▸ What the exercise asks
Using the data that follows, output only the lines from the line with "UPTD PENDIDIKAN TK&SD" up to and including the line with "Exceladorable Tendencies Tshirt", exactly, leaving pictures aside.

▸ Input material
....................

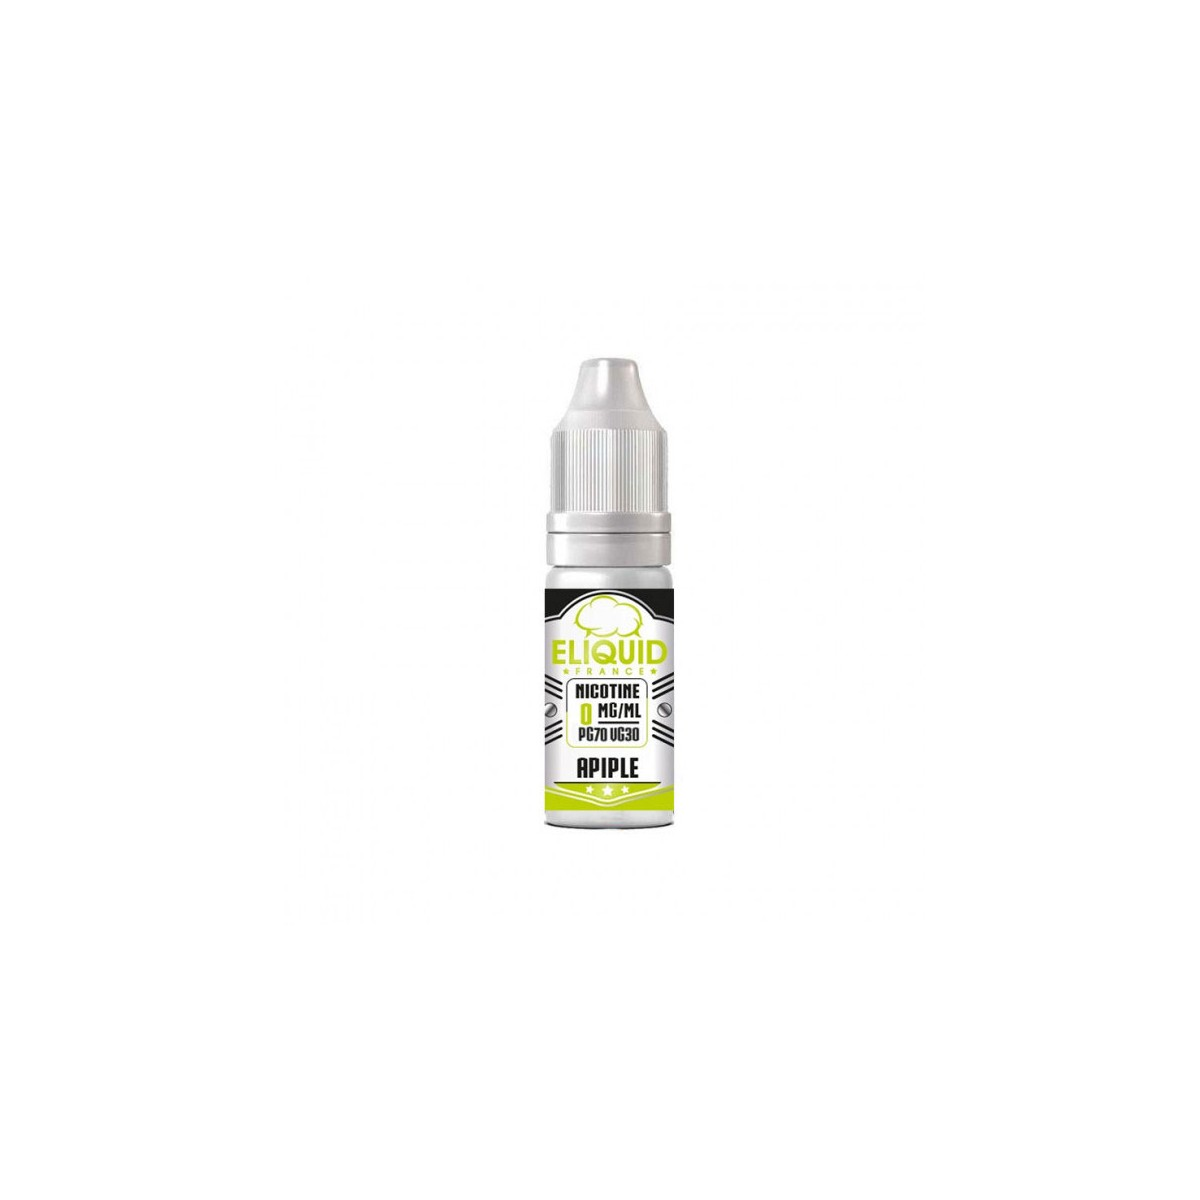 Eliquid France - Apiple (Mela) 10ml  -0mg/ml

....................

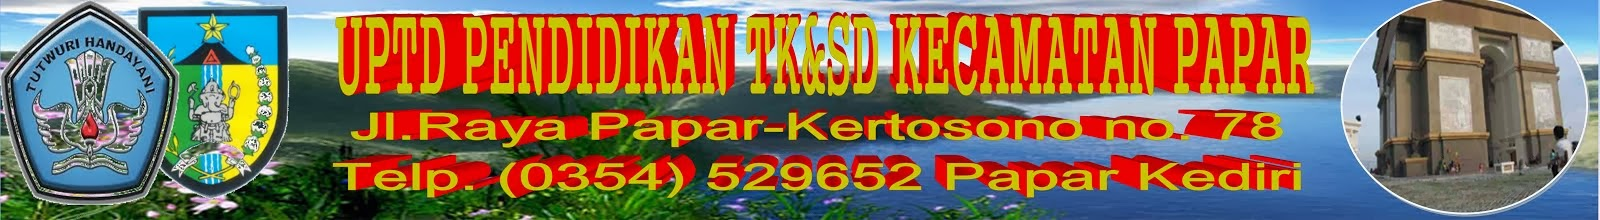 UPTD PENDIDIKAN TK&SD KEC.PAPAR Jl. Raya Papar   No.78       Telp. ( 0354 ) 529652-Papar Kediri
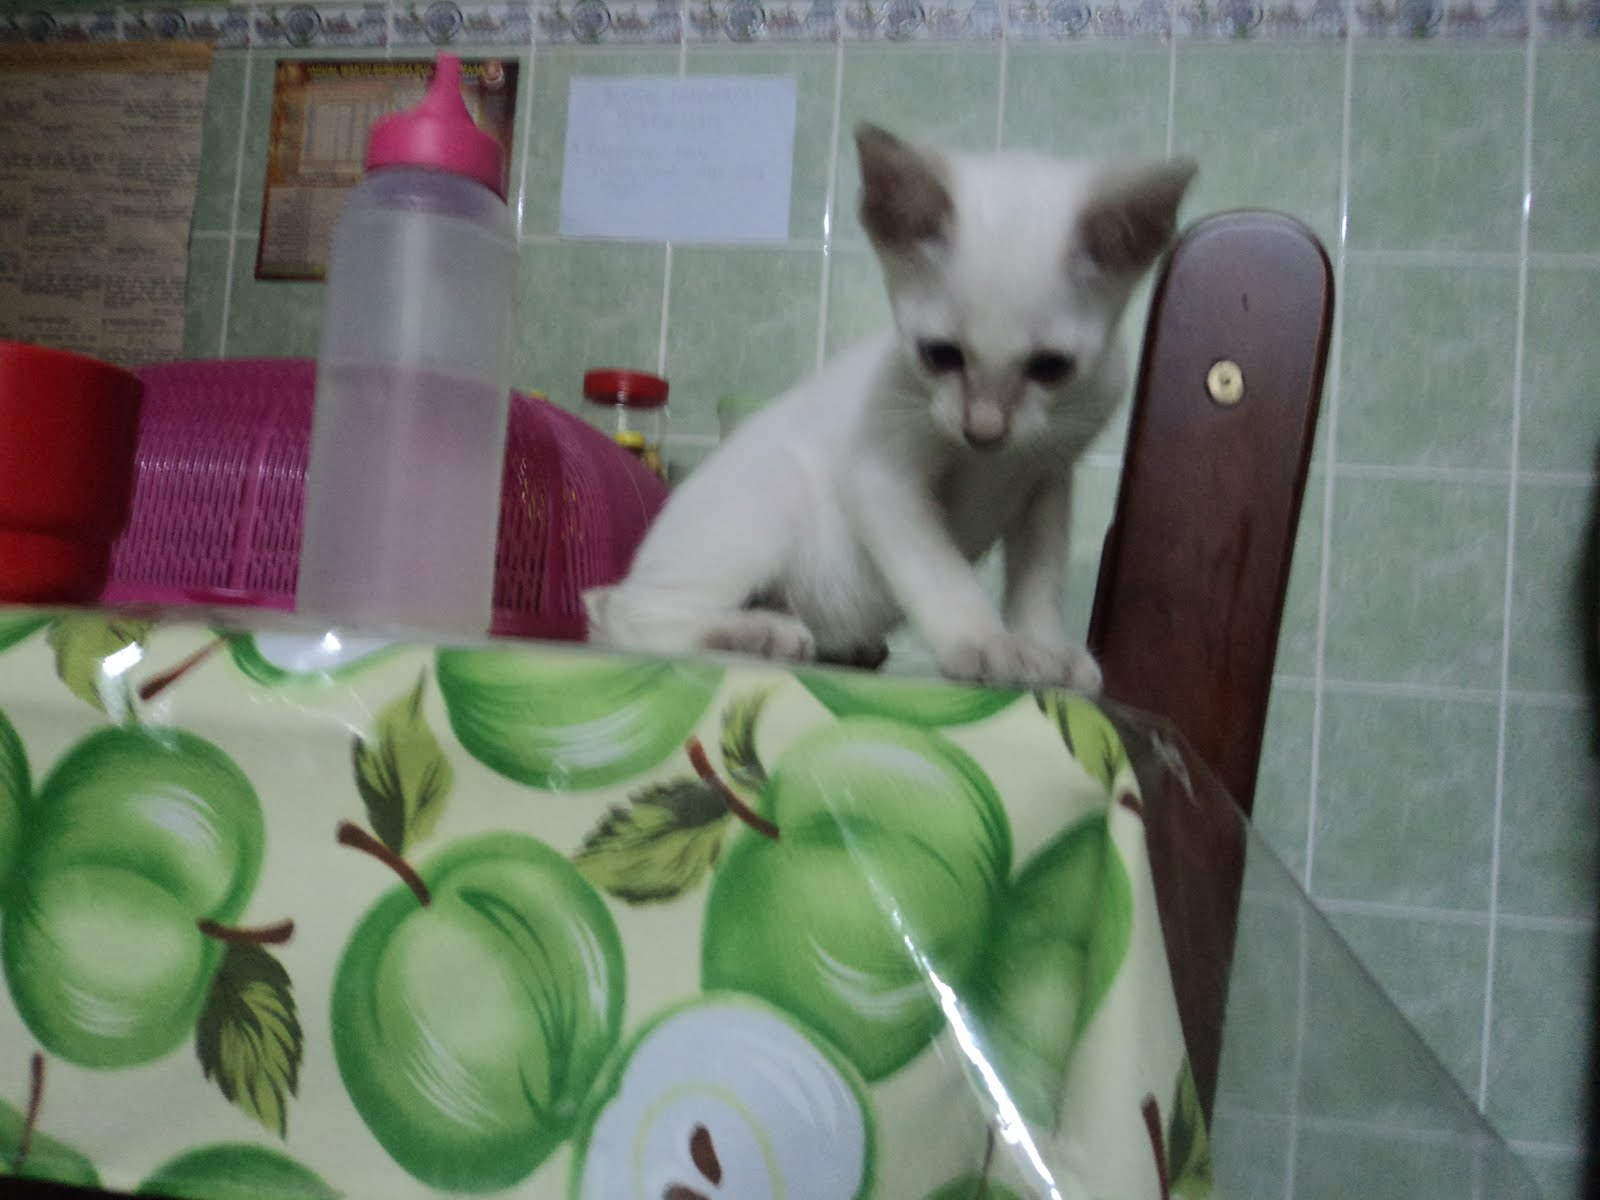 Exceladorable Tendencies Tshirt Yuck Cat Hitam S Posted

....................

▸ Task response
 UPTD PENDIDIKAN TK&SD KEC.PAPAR Jl. Raya Papar   No.78       Telp. ( 0354 ) 529652-Papar Kediri
 Exceladorable Tendencies Tshirt Yuck Cat Hitam S Posted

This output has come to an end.